Giant tech companies transforming, pressures for normalizing earnings growth gradually emerging
Analysts point to the core risk of the current earnings bubble as the "super-scale cloud computing companies" represented by Microsoft, Alphabet, Amazon, Meta Platforms, and Oracle.
Klement warned in a column for the Financial Times that "abnormal" profits cannot be sustained indefinitely. As these tech giants continue to invest massively in AI data center construction, their business models are shifting from light assets to heavy assets, and this structural change will suppress earnings growth, causing it to gradually return to normal levels.
Klement also acknowledged that such high-growth earnings cycles often last longer than investors expect, and the current earnings growth momentum may still continue for several years.
Historical precedent: low P/E ratios once concealed earnings bubbles
BCA Research's Peter Berezin referenced historical cases to further elucidate the dangers of earnings bubbles. He pointed out that prior to the 2007-2008 global financial crisis, banks and home builders also experienced an irrational boom in earnings, during which low P/E ratios masked the unsustainability of profits.
"More generally, earnings bubbles are quite common in industries characterized by boom-bust cycles, including natural resources, aviation, shipping, and particularly in the current environment, the semiconductor industry," Berezin wrote in a report at the end of May. In the third-quarter outlook he released last week, he further pointed out that Wall Street analysts have performed poorly in judging the peak of earnings bubbles, and once the bubble bursts, the stock market could fall by 30% to 50%.
Concerns about overly optimistic earnings expectations are not isolated. Andy Costan, CEO of Damped Spring Advisors, stated in the May "Monetary Matters" program that the growth rate of the US economy is not sufficient to support the earnings levels set by Wall Street analysts.

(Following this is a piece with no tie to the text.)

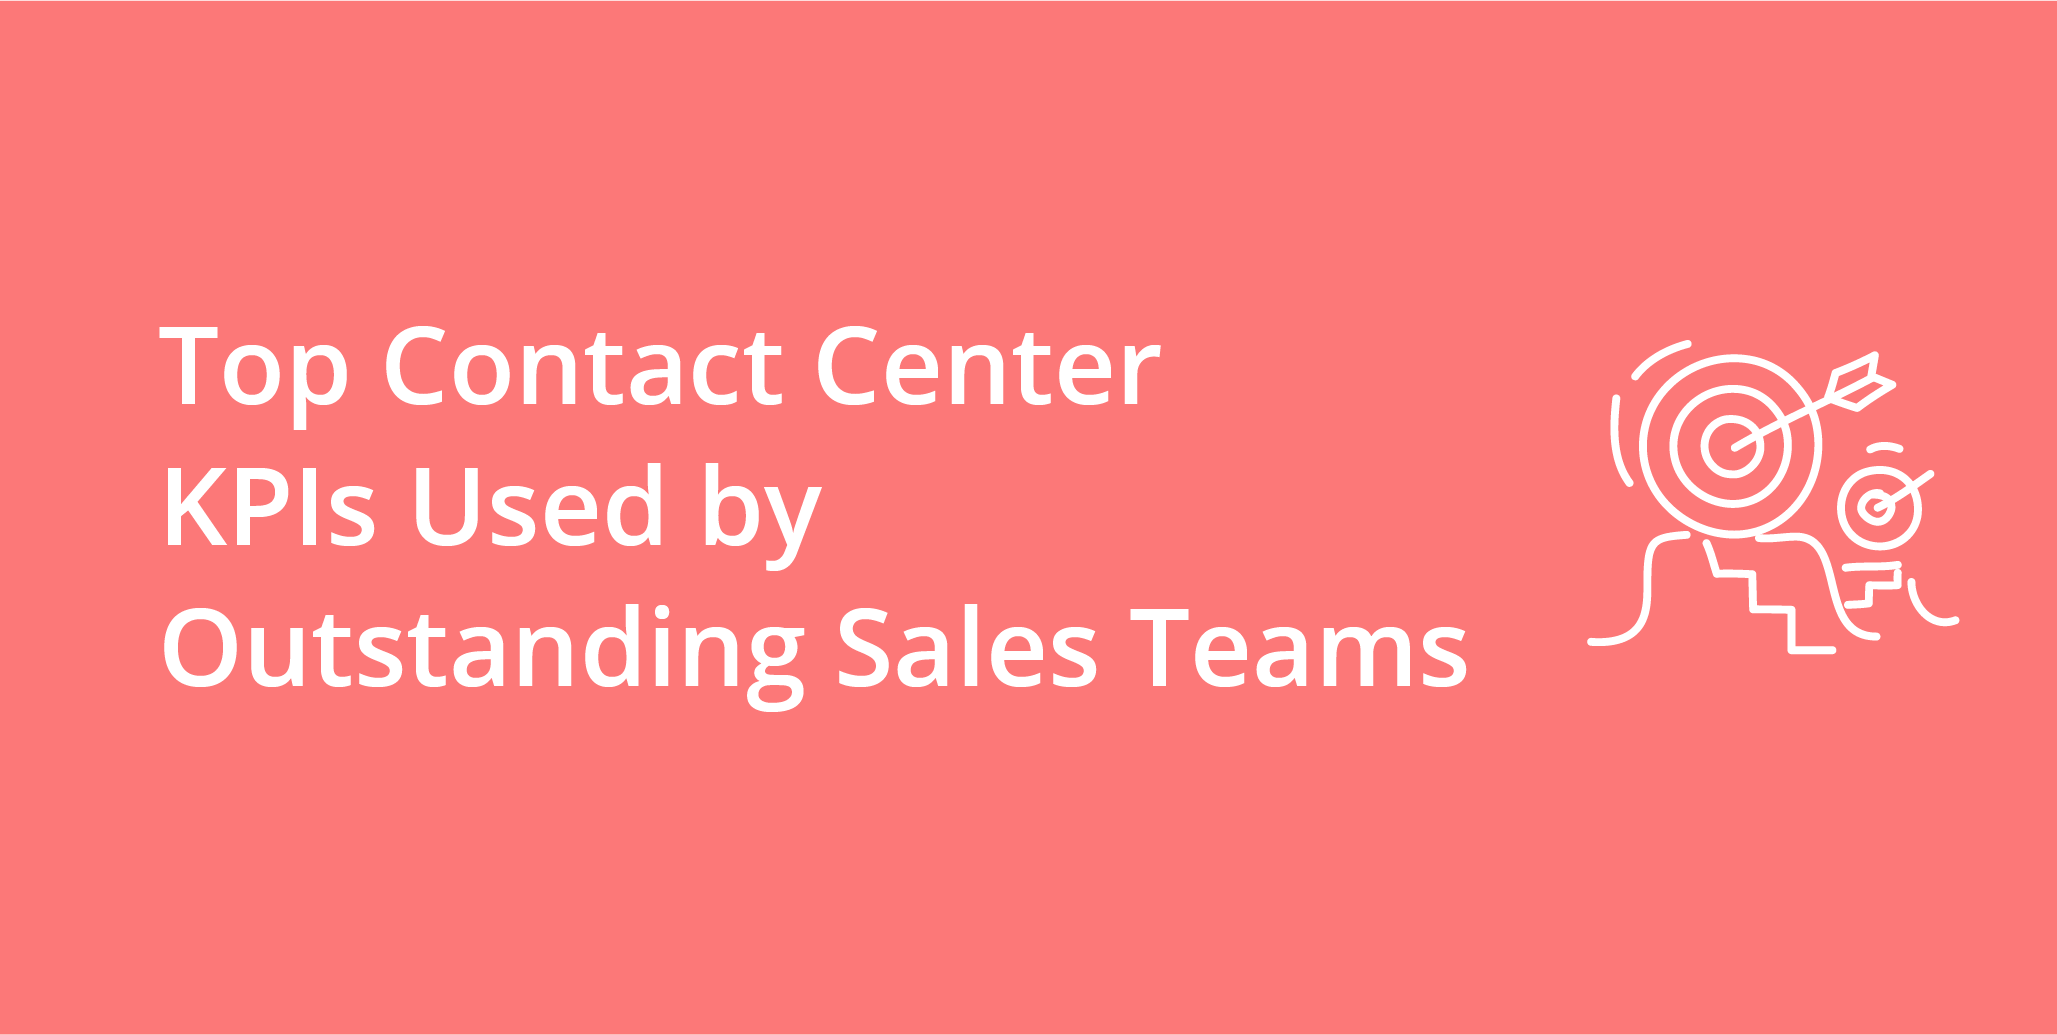 Top Contact Center KPIs Used by Outstanding Sales Teams | Telephones for business

Veteran Wall Street figure Jim Paulsen has also recently expressed in a public post that he believes the current market's overly optimistic sentiment toward earnings poses a risk.
Meanwhile, the US stock market experienced volatility in June, continuing into early July, with strong momentum trading in semiconductor stocks encountering resistance at one point. However, the semiconductor sector regained upward momentum on Monday, driving the Nasdaq Composite Index up 1.1%, and market sentiment temporarily stabilized.